Determining the Last Digit of Large Numbers

# Determining the Last Digit of Large Numbers

Often times it is of great interest to determine the last digit of a very large number. We will now develop a rather simple method involving congruences for doing such.

Theorem 1: Let $n \in \mathbb{N}$ where $n = d_0 \cdot 10^0 + d_1 \cdot 10^1 + ... + d_k \cdot 10^k$ is the digit representation of $n$. Then $n \equiv d_0 \pmod {10}$, i.e., the last digit of $n$ is congruent to $n$ modulo $10$. |

**Proof:**Let $n \in \mathbb{N}$ and let $n = d_0 \cdot 10^0 + d_1 \cdot 10^1 + ... + d_k \cdot 10^k$. Then:

\begin{align} \quad n & \equiv (d_0 \cdot 10^0 + d_1 \cdot 10^1 + ... + d_k \cdot 10^k) \pmod {10} \\ \quad n & \equiv (d_0 \cdot (1) + d_1 \cdot 0 + ... + d_k \cdot 0) \pmod {10} \\ \quad n & \equiv d_0 \pmod {10} \quad \blacksquare \end{align}

Let's now look at a couple of examples of determining the last digit of a large number.

# Example 1

**Determine the last digit of $3^{347}$.**

We will use properties of congruences to solve this problem.
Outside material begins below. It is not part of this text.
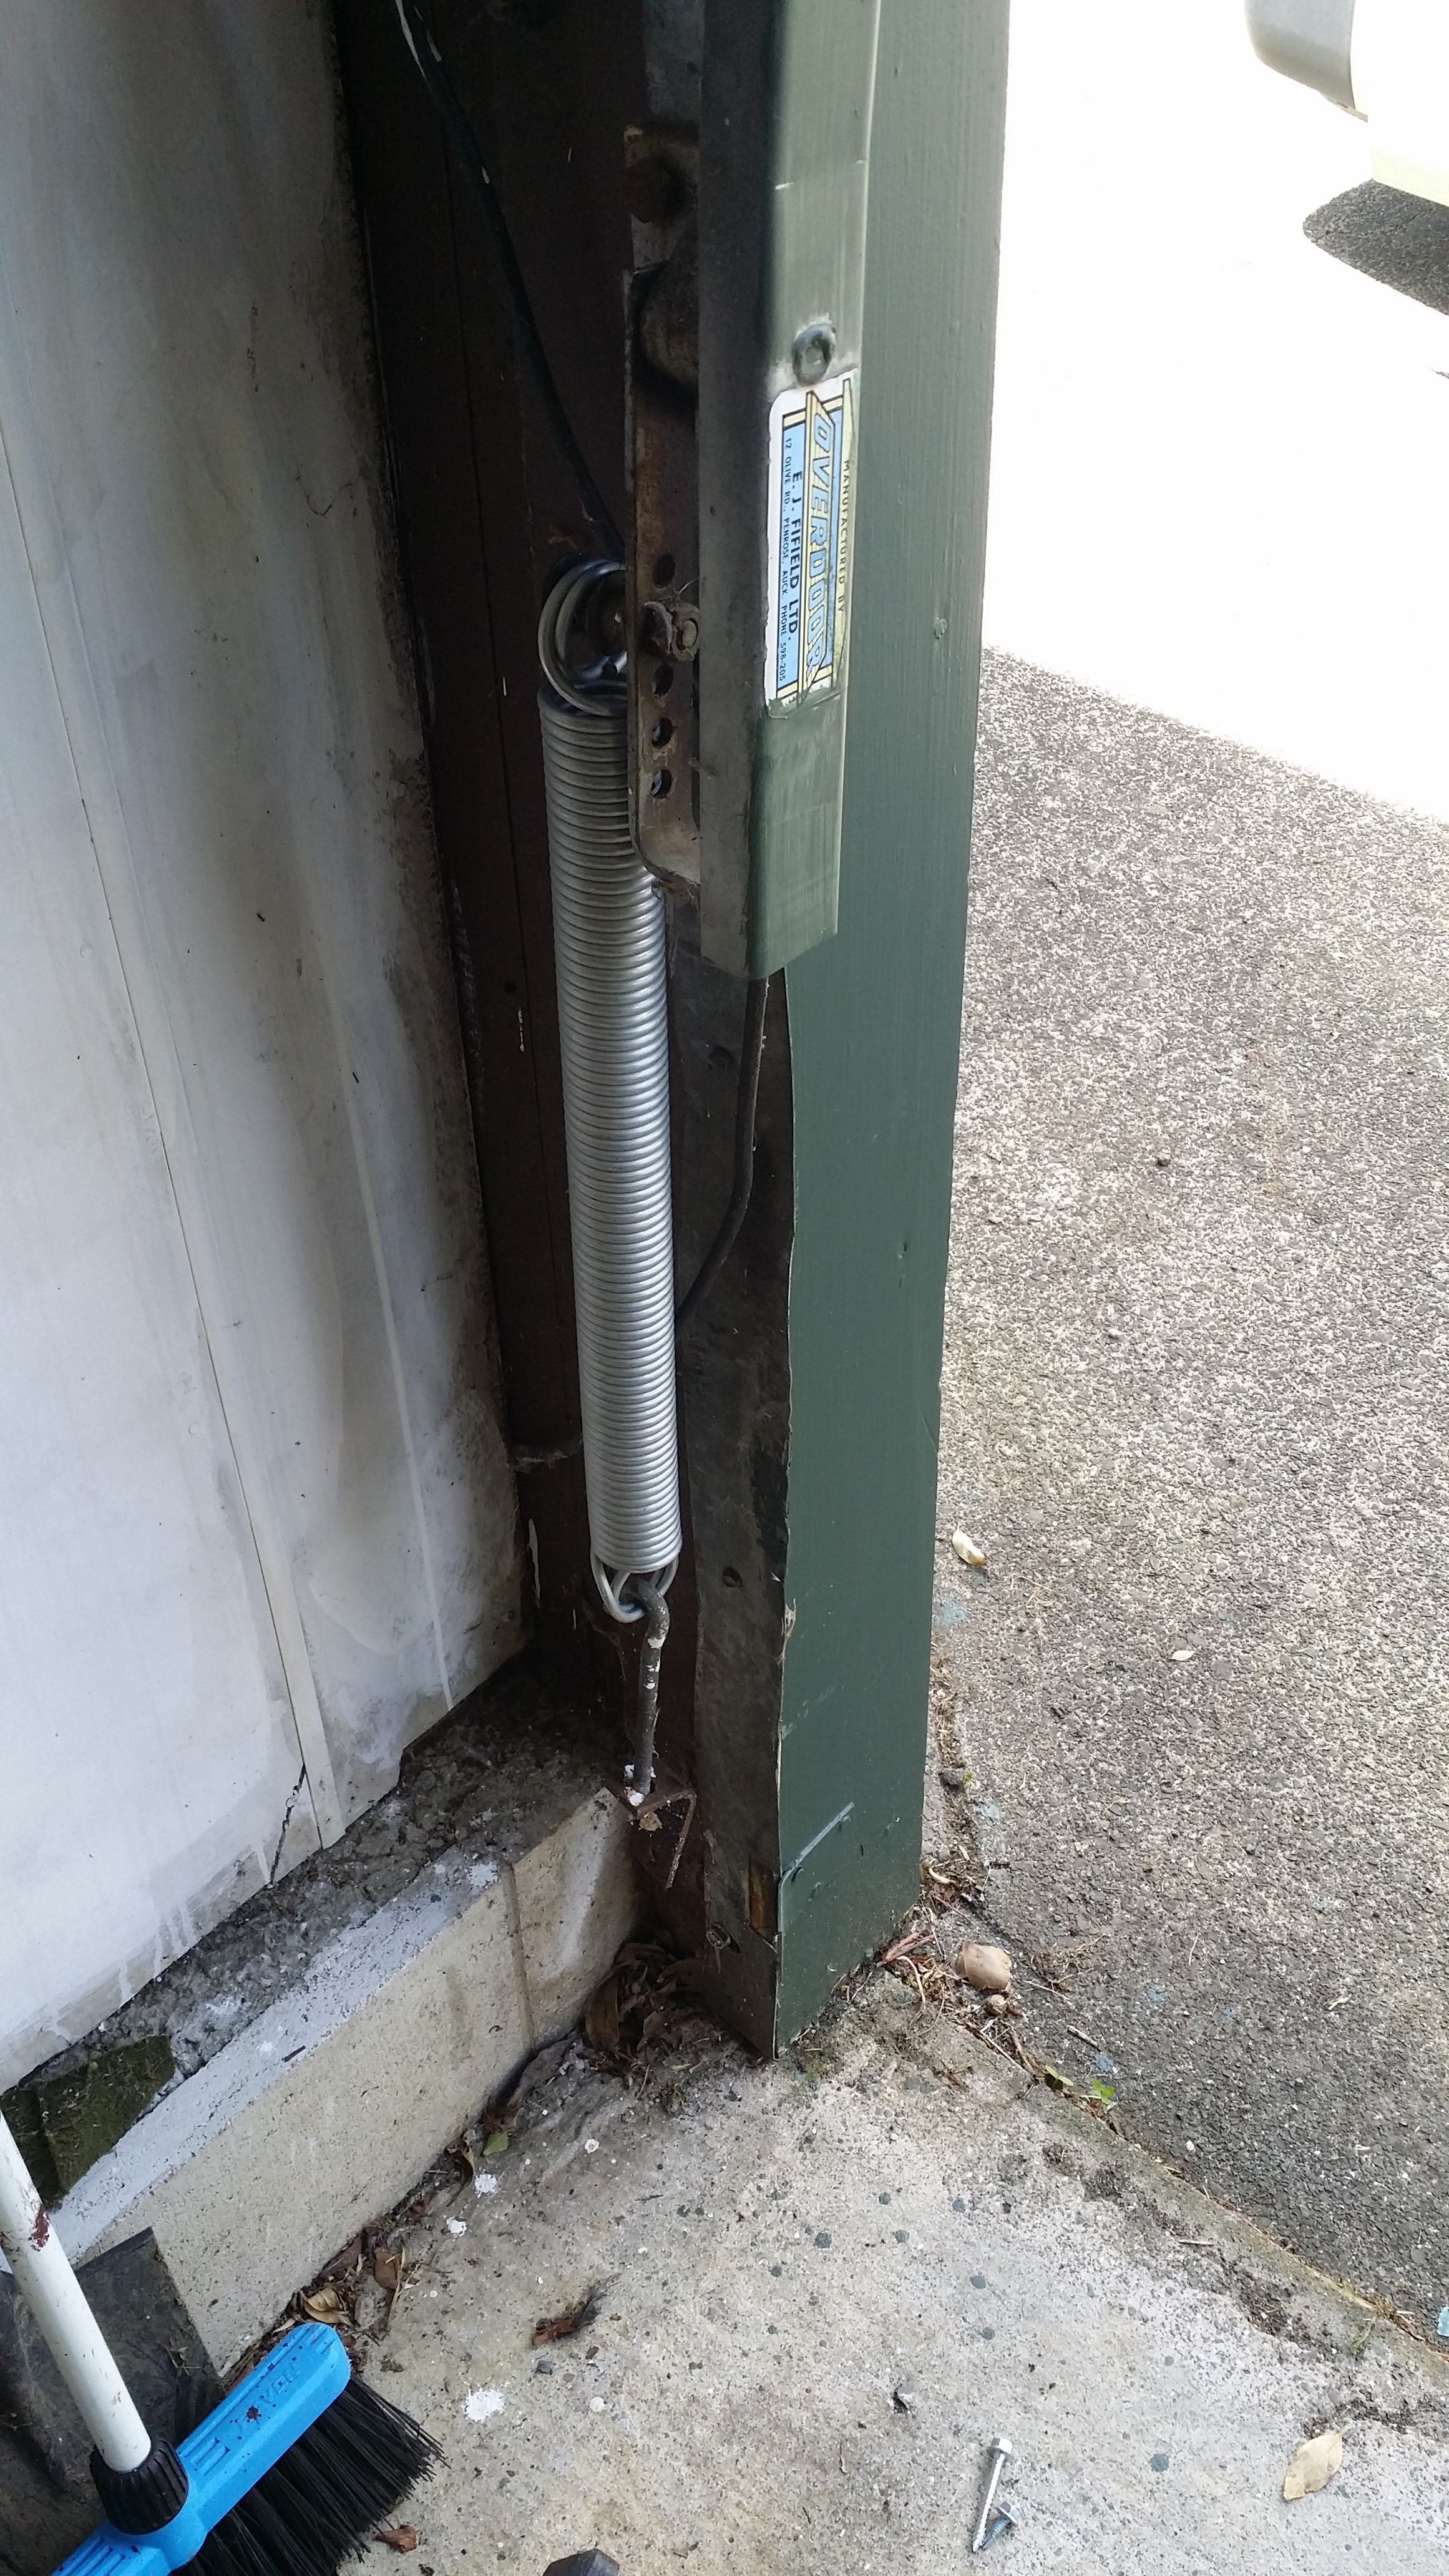 Creatice Garage Door Metal Cable Broke for Small Space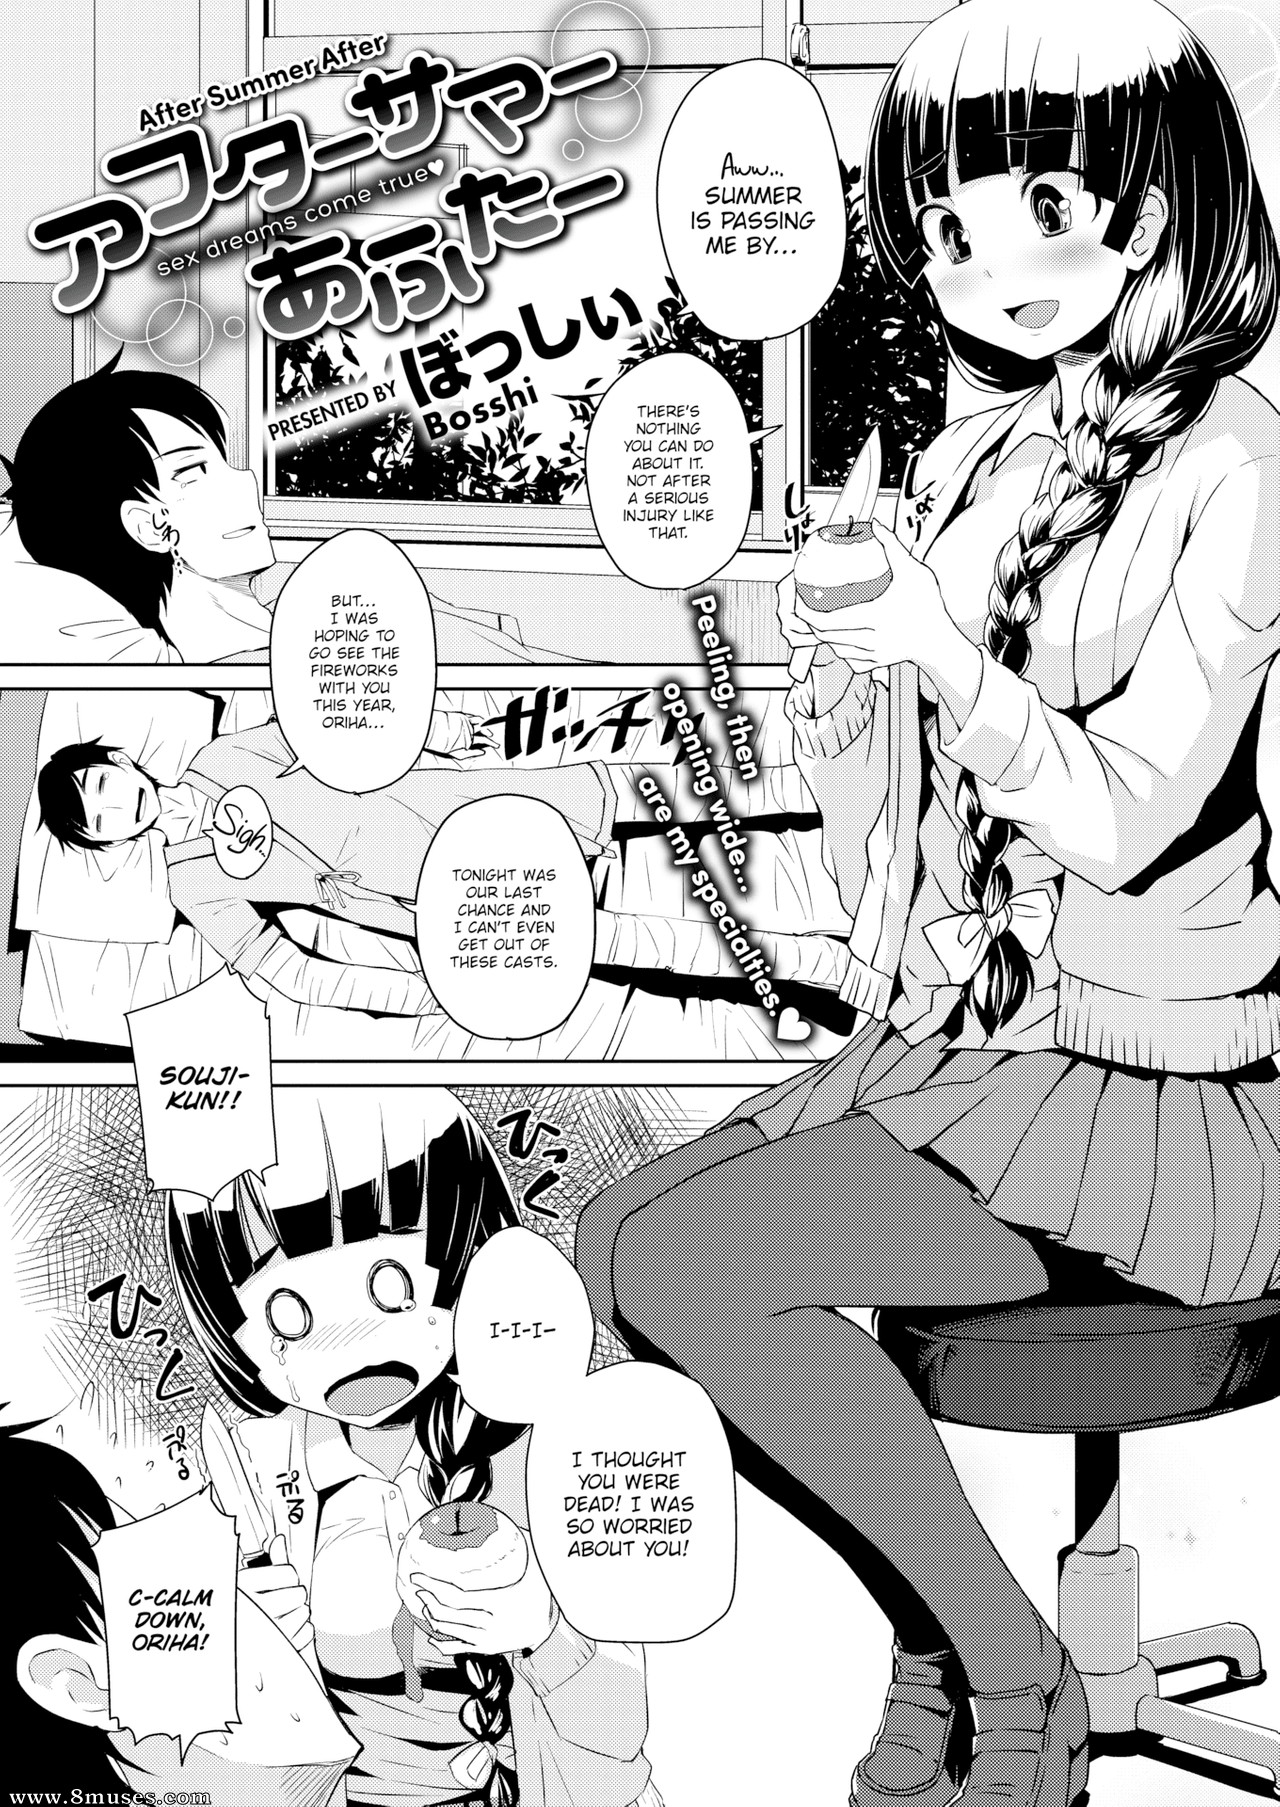 Cartoon porn comics manga

We have that:

(2)\begin{align} \quad 3^{347} \equiv 3^{4(86)+3} \equiv (3^4)^{86} (3)^3 \equiv (81)^{86} (27) \equiv (1)^{86} (7) \equiv 7 \pmod {10} \end{align}

So the last digit of $3^{347}$ is $7$.

## Example 2

**Determine the last digit of $4^{210}$.**

Once again, by using the properties of congruences we have that:

(3)\begin{align} \quad 4^{30} \equiv 4^{3(10)} \equiv (4^3)^{10} \equiv (64)^{10} \equiv 4^{10} \equiv 4^{2(5)} \equiv (16)^{6} \equiv 6^5 \equiv 7776 \equiv 6 \pmod {10} \end{align}

So the last digit of $4^{30}$ is $6$.